(INFORMATION SUPPLIED begins)

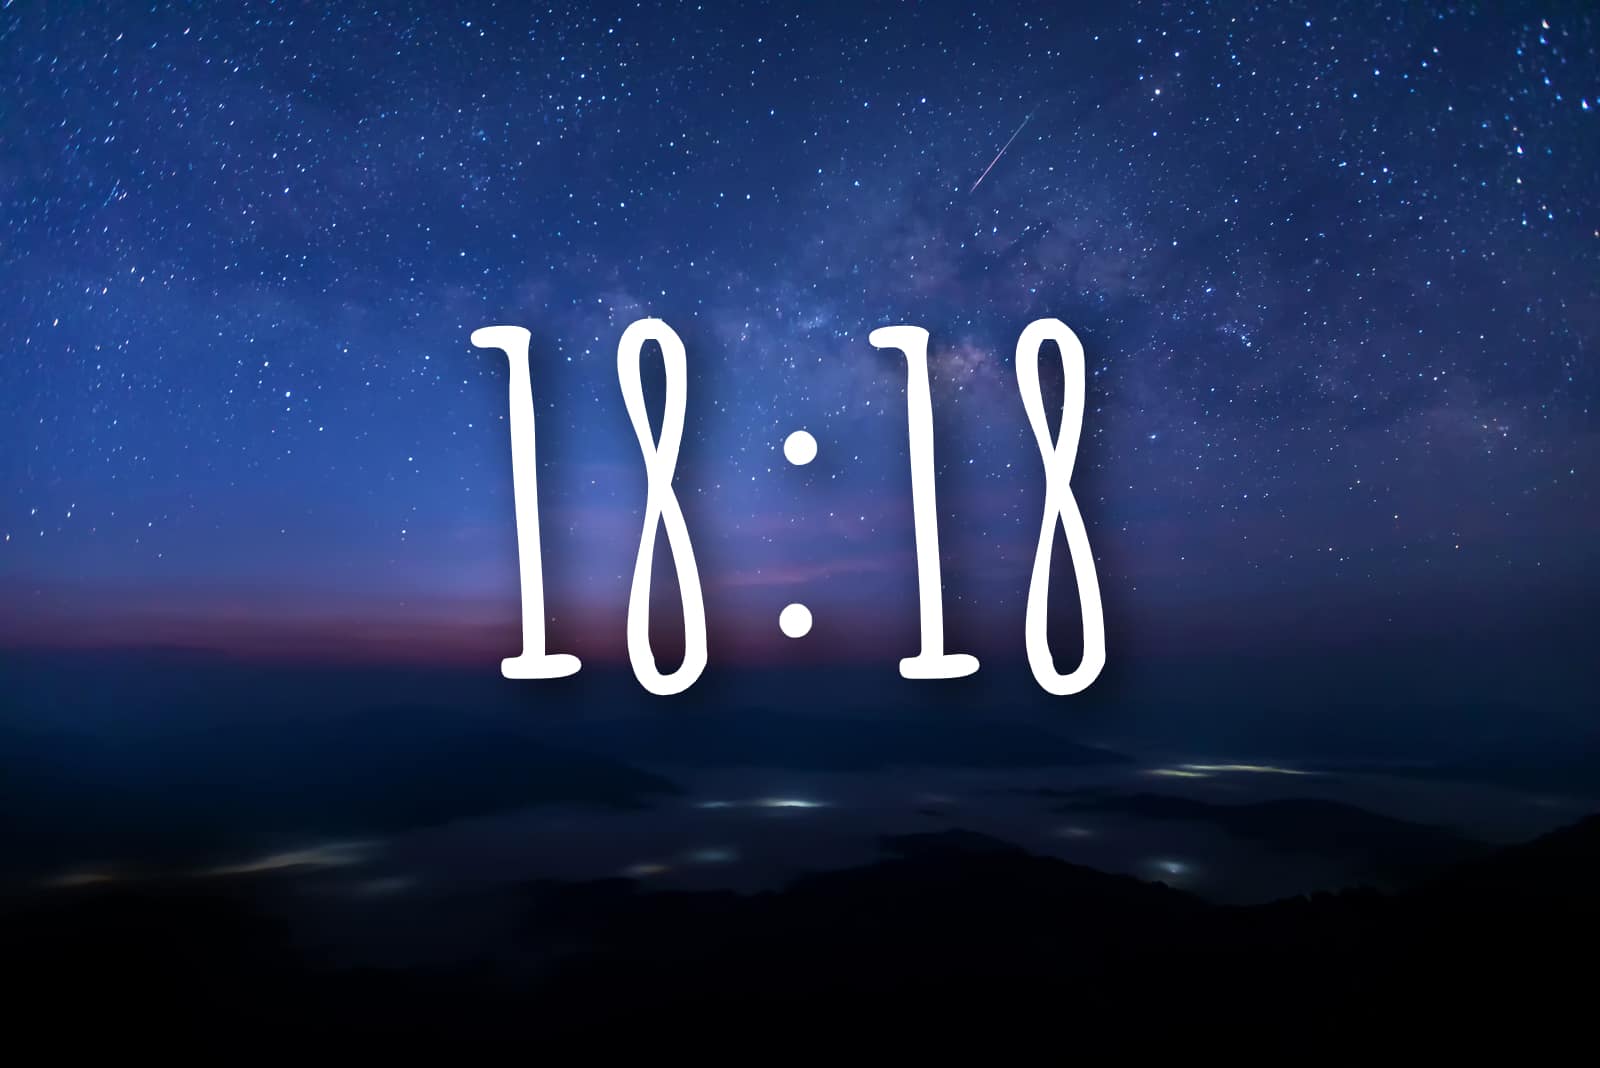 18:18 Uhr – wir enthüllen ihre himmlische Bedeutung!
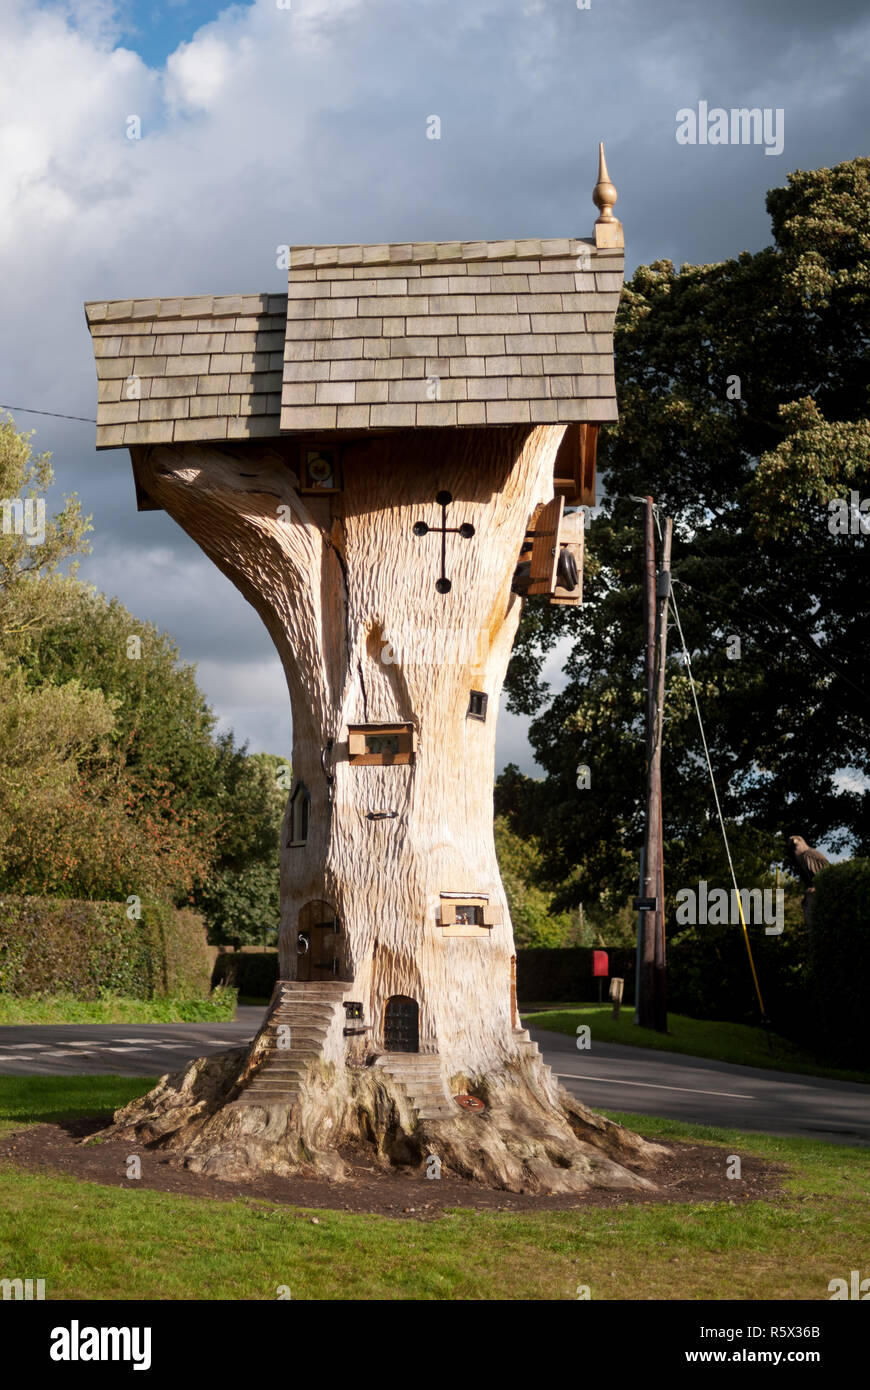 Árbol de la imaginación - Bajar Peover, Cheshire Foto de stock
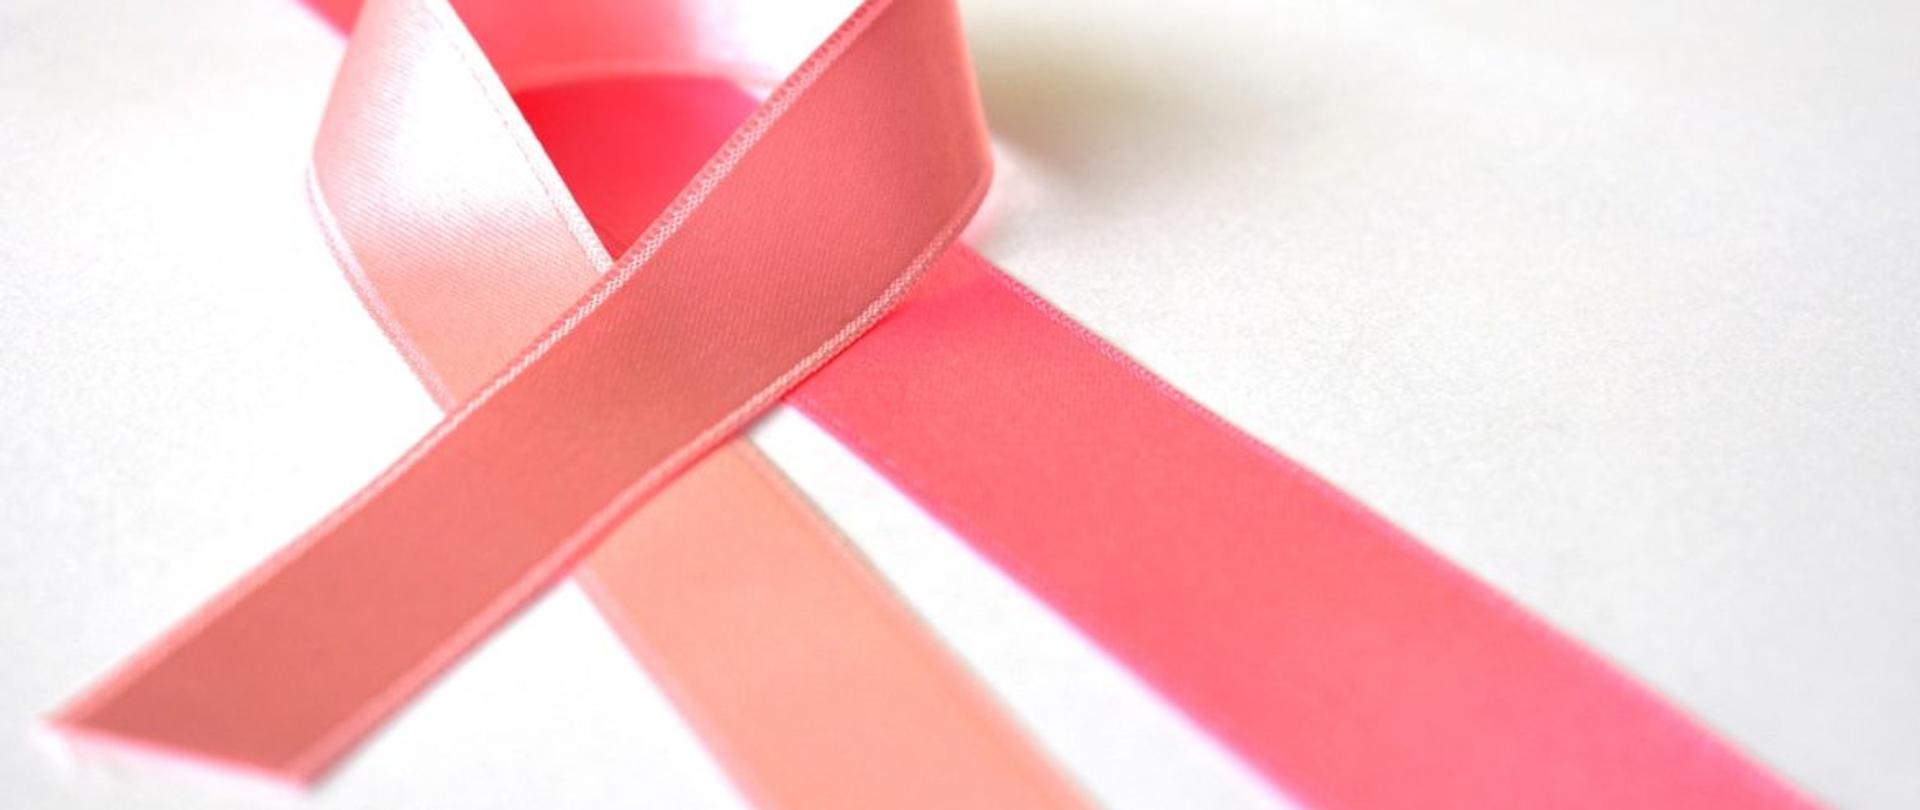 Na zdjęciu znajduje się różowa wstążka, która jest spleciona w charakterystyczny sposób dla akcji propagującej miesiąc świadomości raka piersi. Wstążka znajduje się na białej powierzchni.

(INFORMATION SUPPLIED ends)
(INFORMATION SUPPLIED begins)

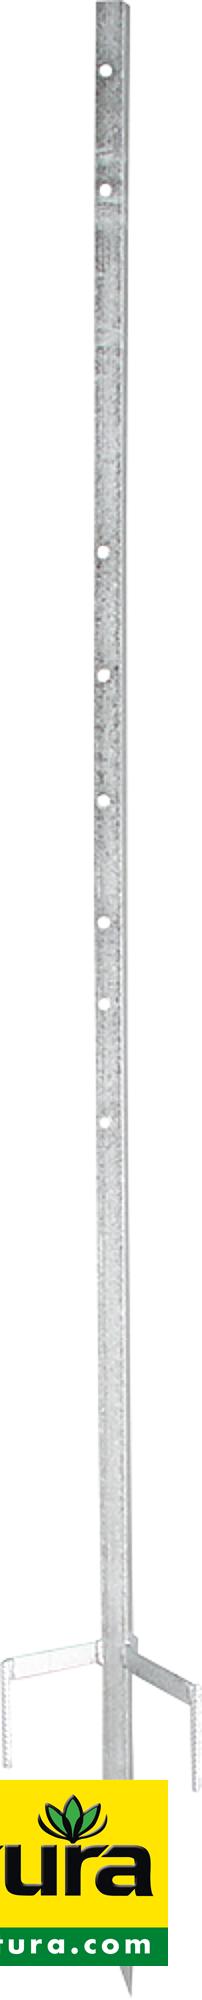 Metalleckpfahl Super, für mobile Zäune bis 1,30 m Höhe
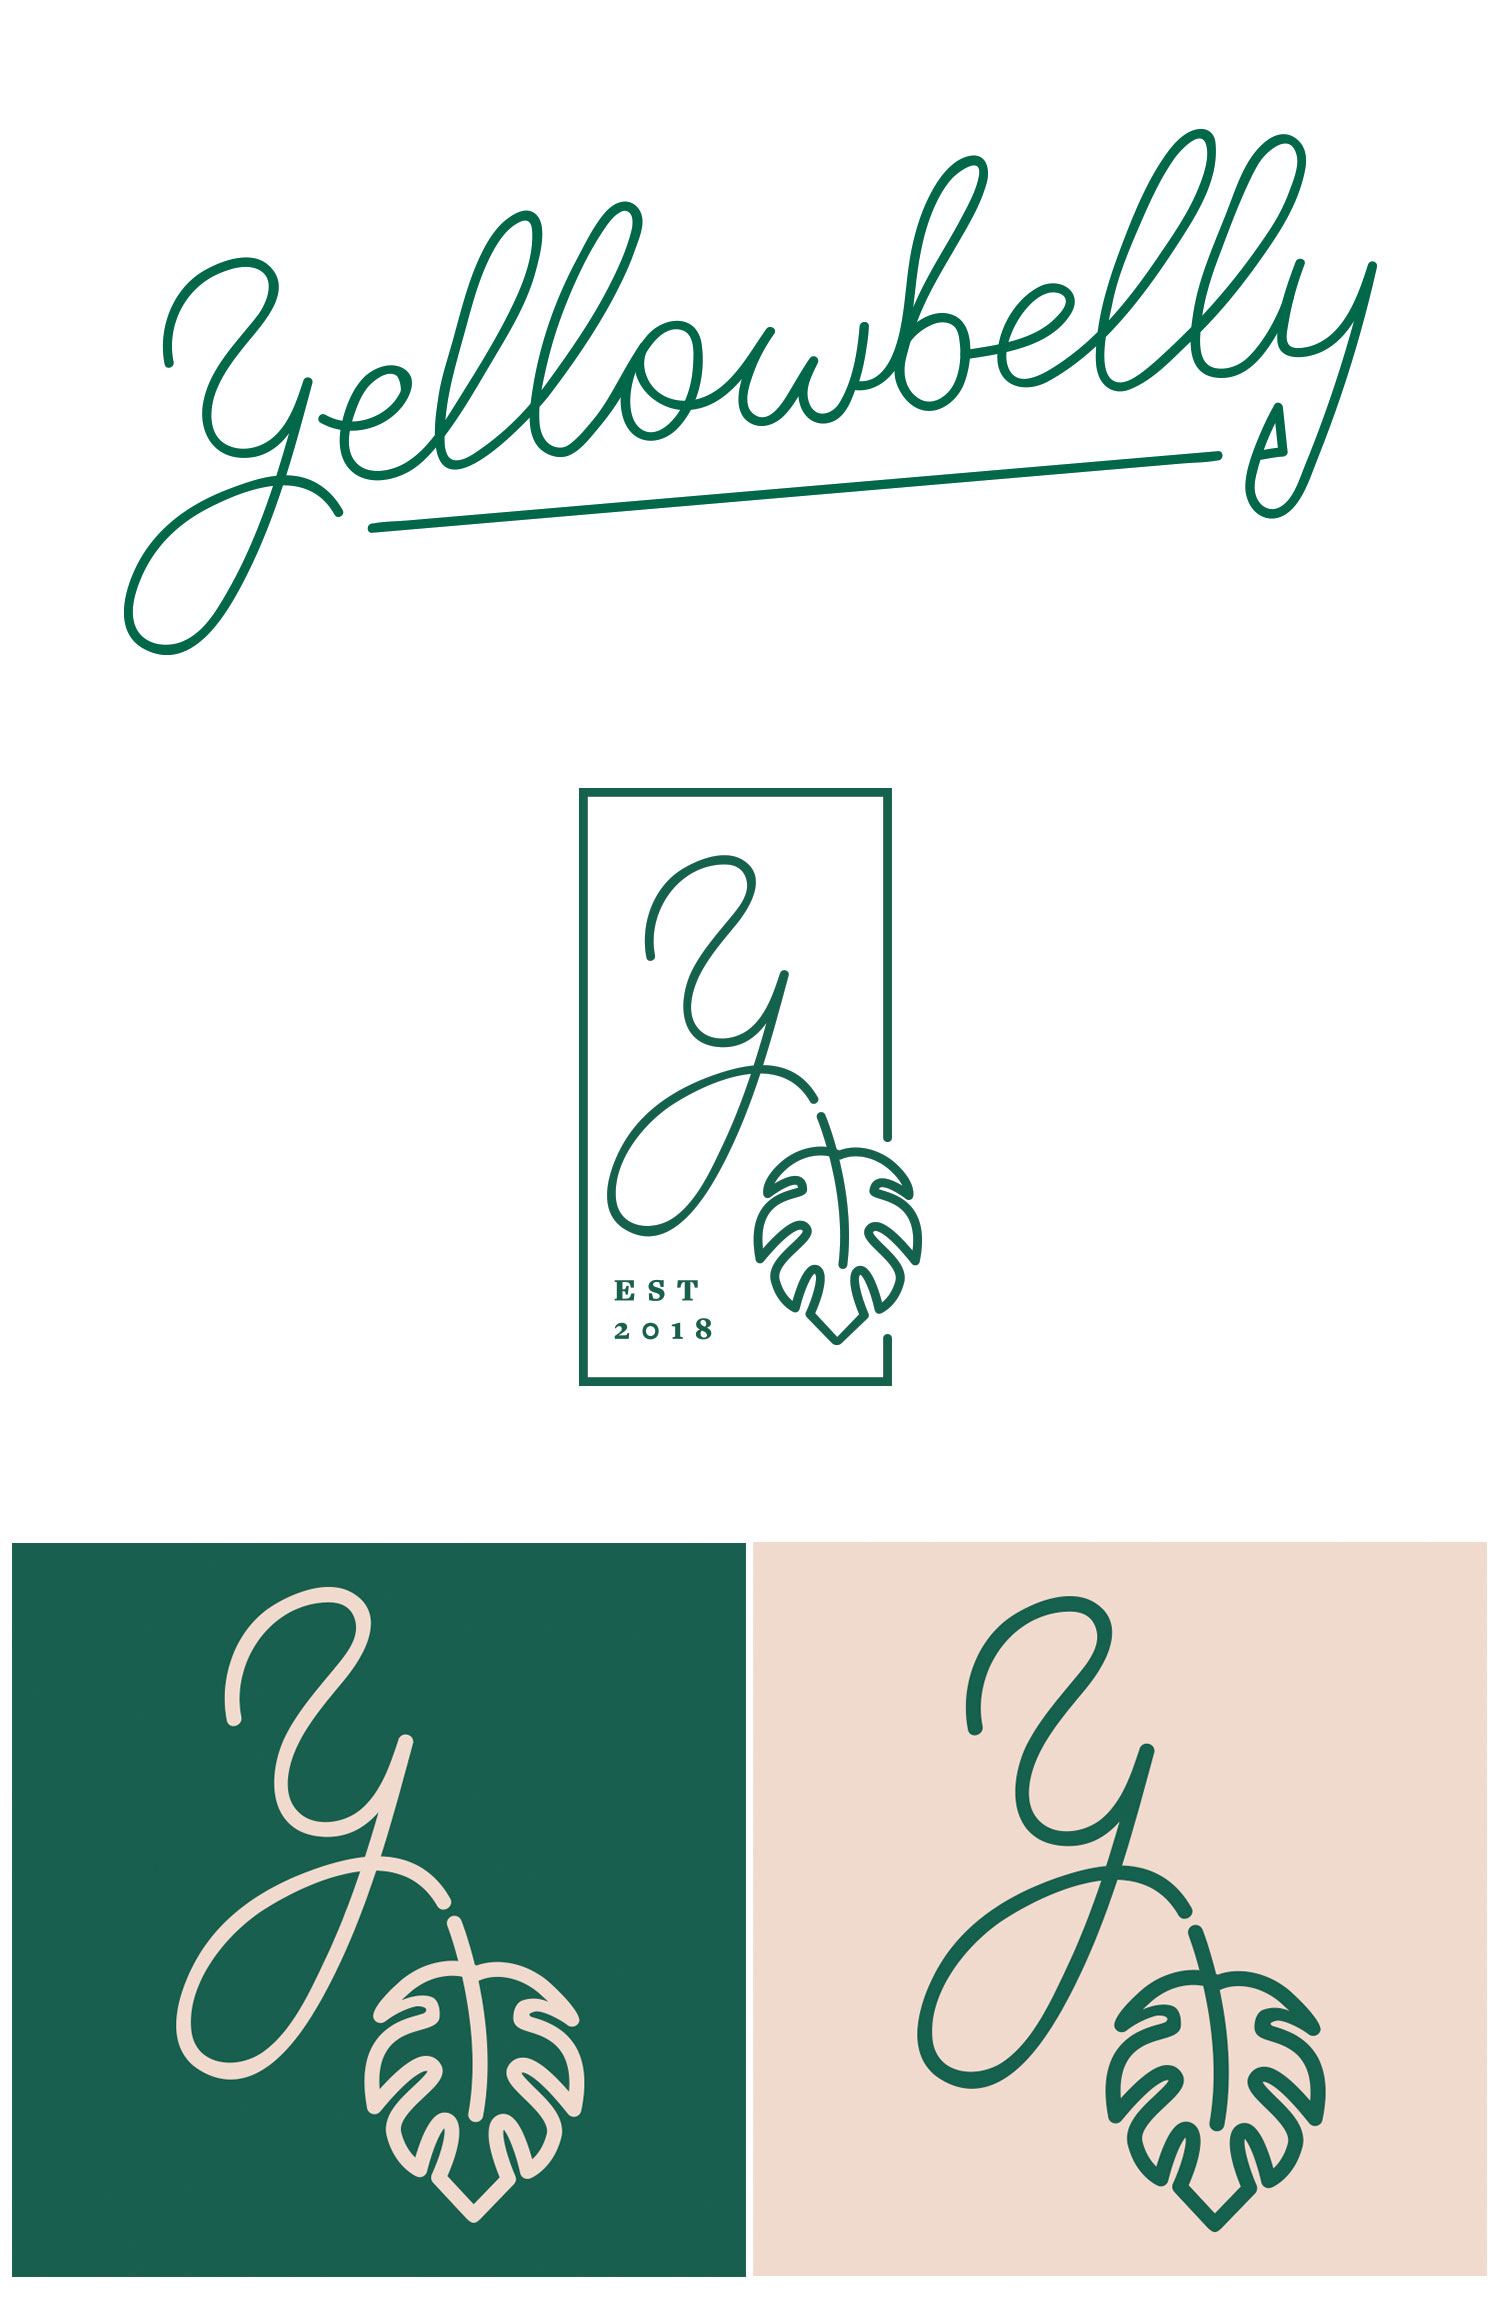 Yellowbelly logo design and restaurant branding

(INFORMATION SUPPLIED ends)
(INFORMATION SUPPLIED begins)

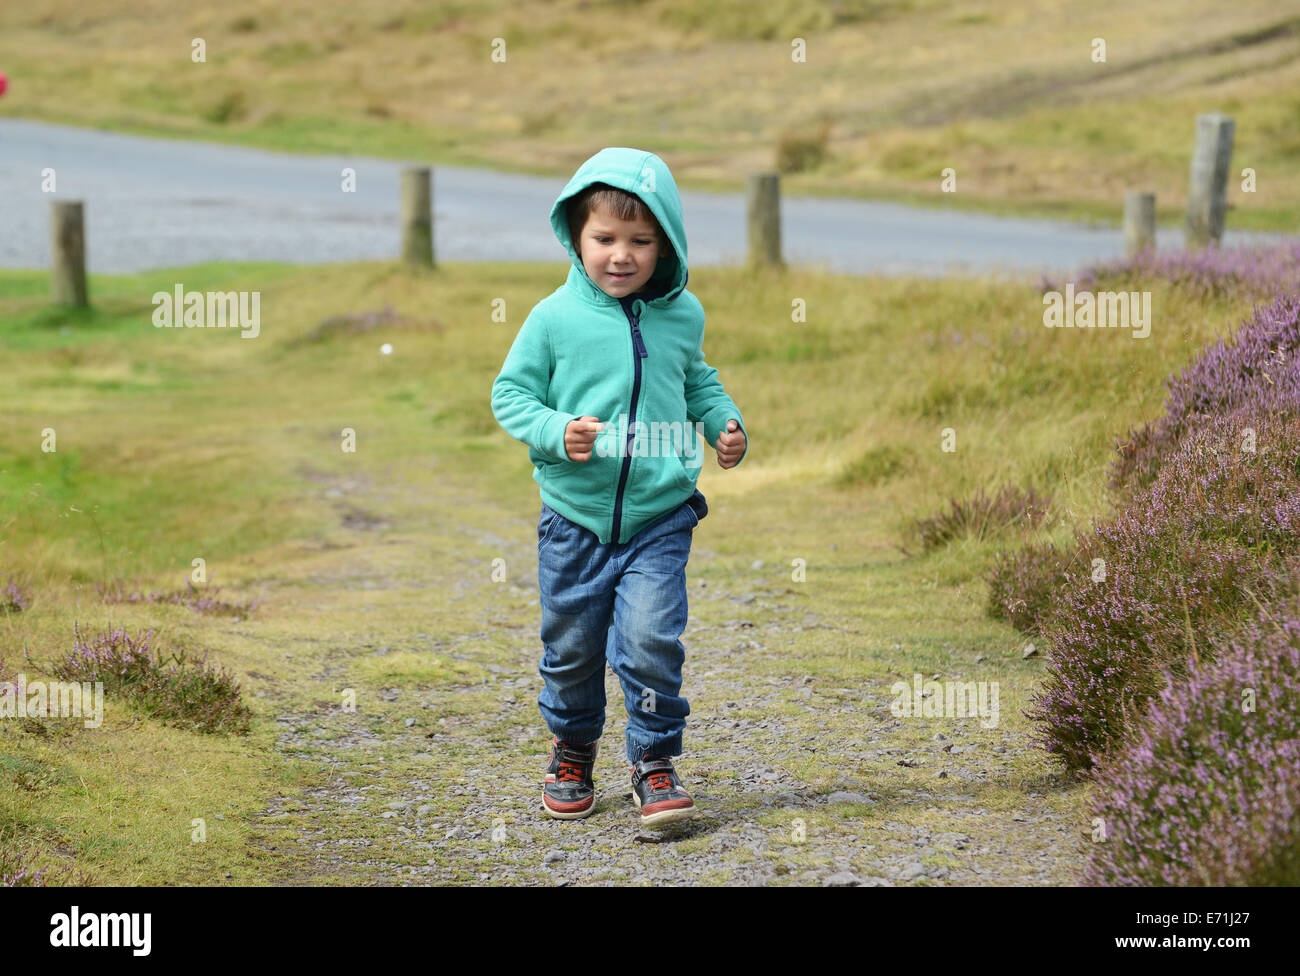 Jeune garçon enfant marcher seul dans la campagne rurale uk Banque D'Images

(INFORMATION SUPPLIED ends)

■ **WORK TASK**
Within the listing above, print exactly the stretch beginning at the line that contains "Árbol de la" and finishing at the line that contains "Na zdjęciu znajduje", ends kept, pictures left out, and nothing more.

■ **OUTPUT FOR THIS TASK**
 Árbol de la imaginación - Bajar Peover, Cheshire Foto de stock
 Na zdjęciu znajduje się różowa wstążka, która jest spleciona w charakterystyczny sposób dla akcji propagującej miesiąc świadomości raka piersi. Wstążka znajduje się na białej powierzchni.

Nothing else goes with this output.